Germany’s Chancellor Olaf Scholz heads to New Delhi this week with a delegation that looks to expand trade with India’s burgeoning economy. Trade with India is already at a record high level but the German authorities want to strengthen business ties between the two. A trade deal would also help alleviate Berlin’s concerns about its perceived over-reliance on the Chinese market.
Even if India does not prove to be the “new China“, just having access to the huge Indian market would help reduce Germany’s reliance on Beijing. German companies are mostly optimistic about India’s growth potential, its pool of skilled young workers, a cheaper cost base and an economic growth rate of around 7%.
Chancellor Scholz, will be accompanied by most of his cabinet including the foreign and defence ministers. On Friday, he meets India’s Prime Minister Narendra Modi before presiding over the seventh round of Indian-German government consultations. The visit comes at a time when Germany’s export-oriented economy is facing a second year of contraction, with real concerns that a trade dispute between the European Union and China might adversely affect German companies. Meanwhile, alert to how its reliance on cheap Russian gas before the Ukraine war in 2022 played out, Berlin is actively seeking to lessen its exposure to and dependence on Beijing.

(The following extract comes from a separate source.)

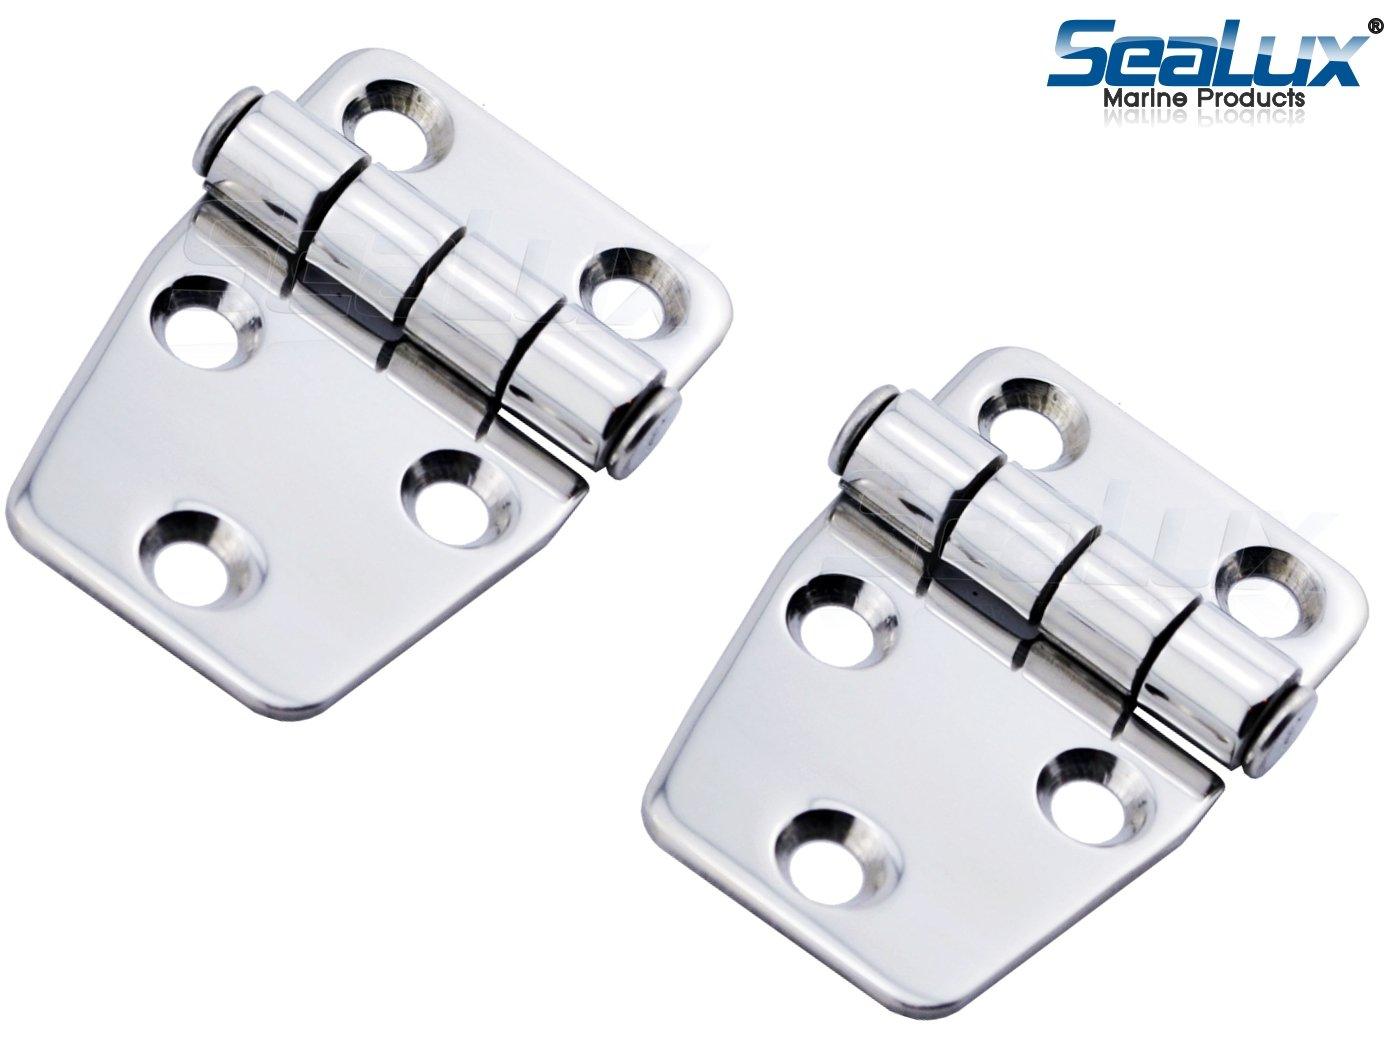 SeaLux Marine SS Short Side Hinge 2-1/8'' x 1-1/2'' for Locker / Hatch Door (Pair)

Noting that India, “the most populous country in the world, is a key partner of the German economy in the Indo-Pacific”, Economy Minister Robert Habeck declared the need to “reduce critical dependencies and strengthen the resilience of German companies and their supply chains to and from Asia.”

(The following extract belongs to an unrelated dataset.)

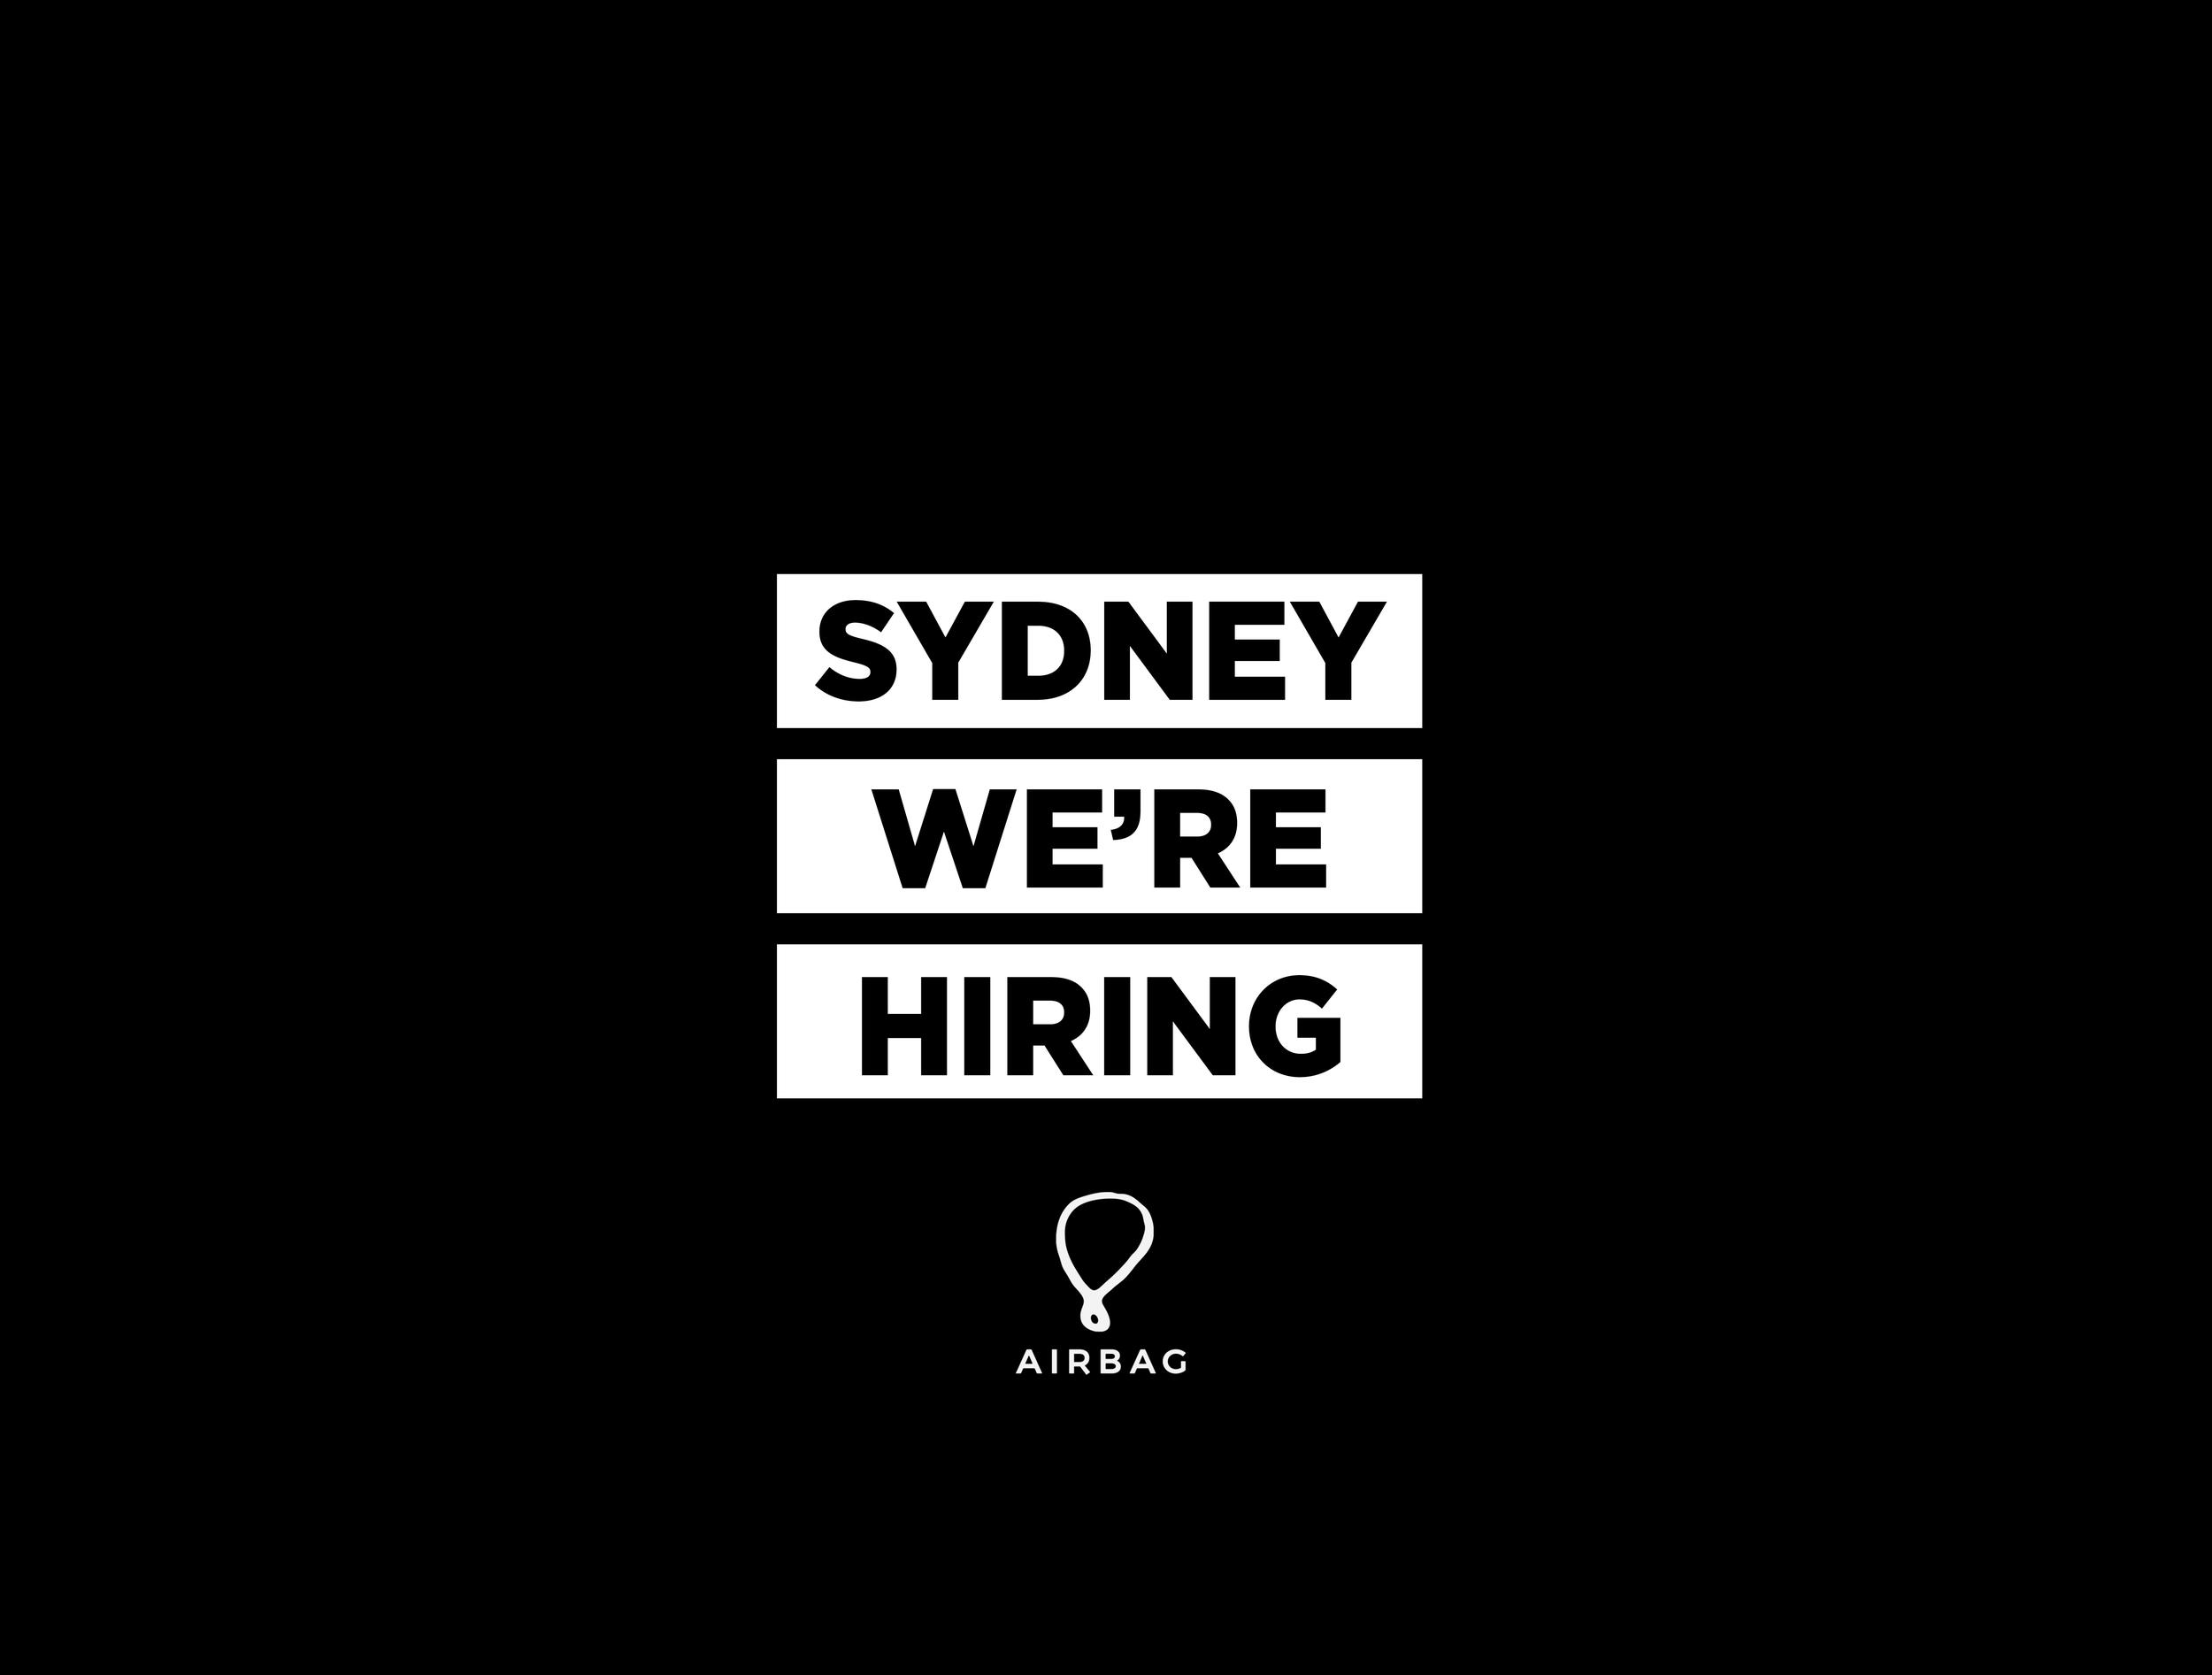 Sydney Hiring Ad.png

Trade between Germany and India hit a new record high in 2023. India is expected to overtake Germany and Japan to become the world’s third-largest economy by the end of the decade.

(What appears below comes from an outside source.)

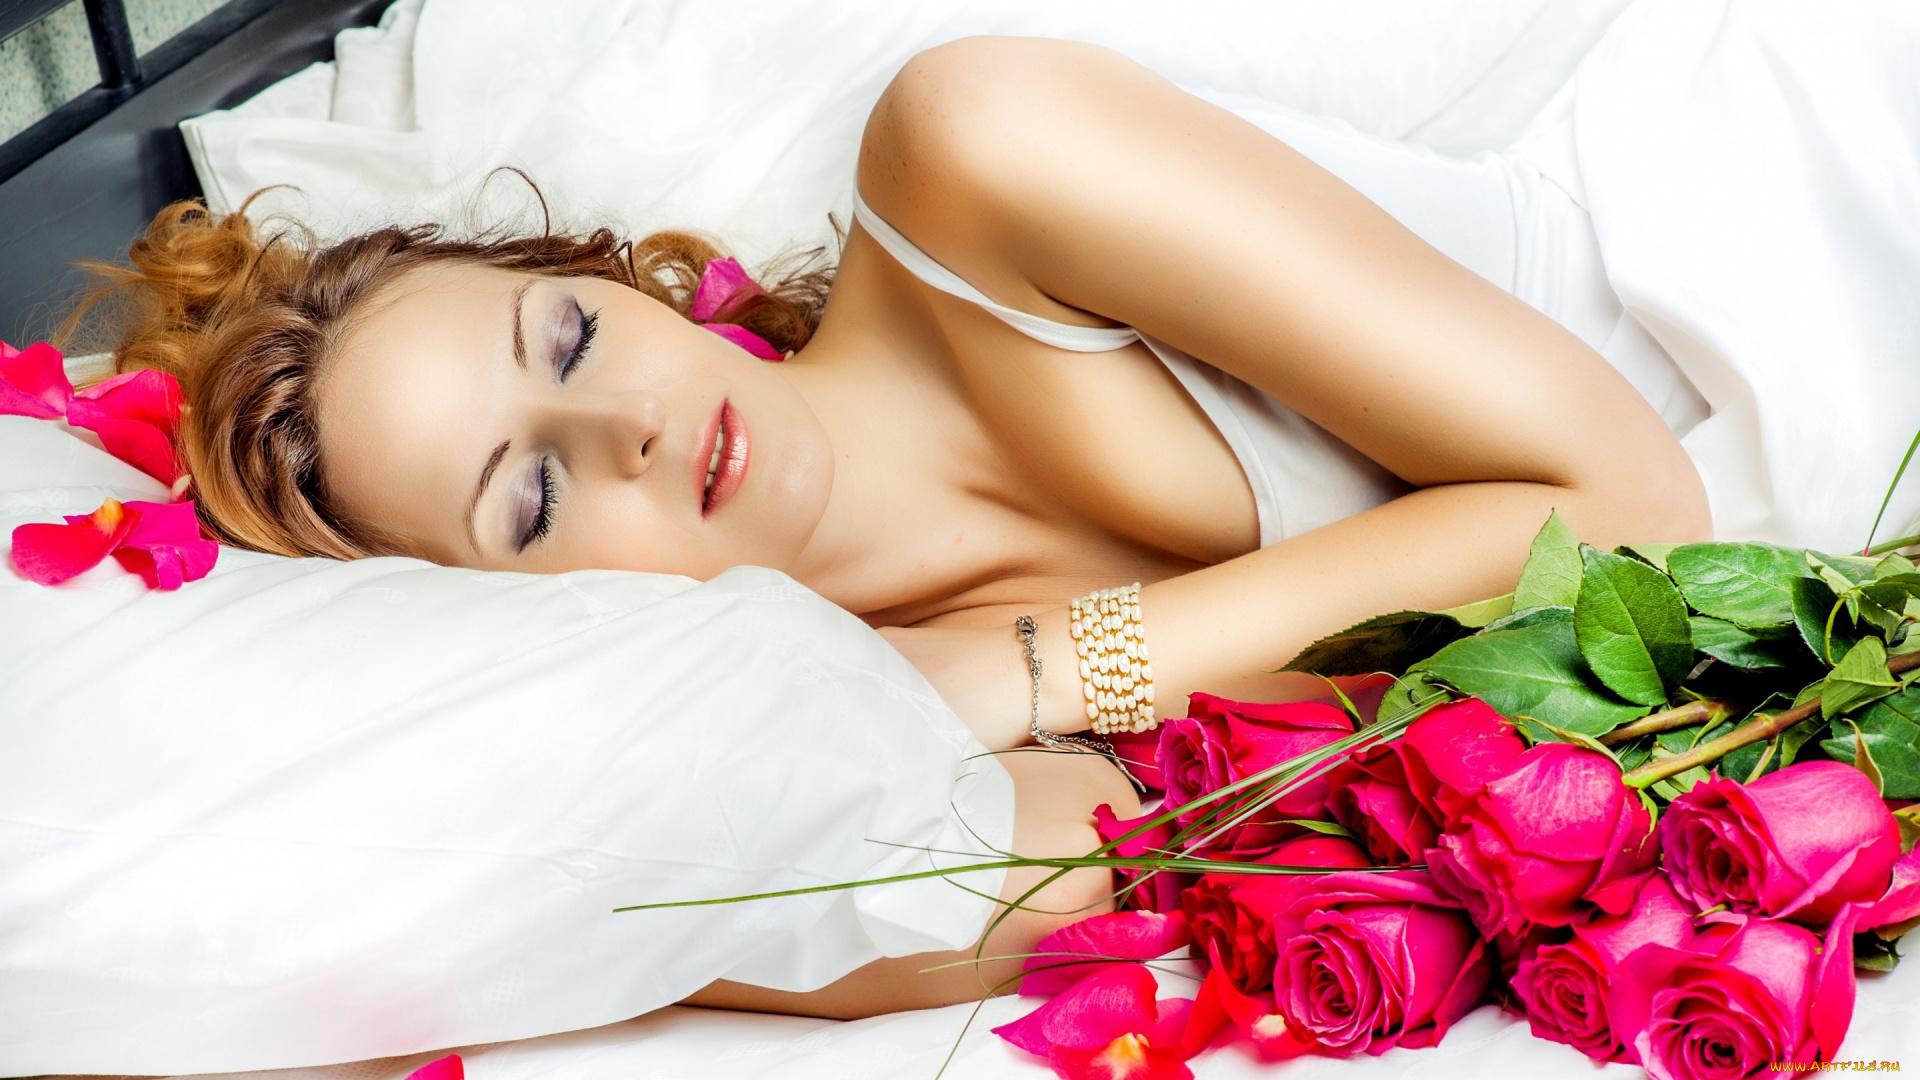 Фото девушек с розами на кроватей

According to the German Chamber of Commerce’s foreign trade chief Volker Treier, direct German investments in India totalled some 25 billion euros in 2022, about 20% of the volume invested in China. This could reach 40% by the end of the decade. “India is the key if “de-risking China is to work”, he said, because of the size of the market and the country’s economic dynamism.
Current investment hurdles cited by German firms include bureaucracy, corruption and India’s tax system, according to a study by the consultancy KPMG and the German Chambers of Commerce Abroad (AHK). Nonetheless, they see a bright future in India, with 82% expecting revenues to grow in the next five years. Some 59% plan to expand their investments, up from 36% in 2021.
Examples include: the German logistics giant DHL, which plans to invest half a billion euros in India by 2026, tapping into a fast-growing e-commerce market; Volkswagen, which has been hit by falling sales in China and high production costs at home, and is considering new tie-ups in India for joint production and signeda a supply deal with local partner Mahindra early this year; and the Cologne-based engine maker Deutz which announced a deal this year with India’s TAFE, the world’s third-largest tractor maker, to produce 30,000 Deutz engines under licence.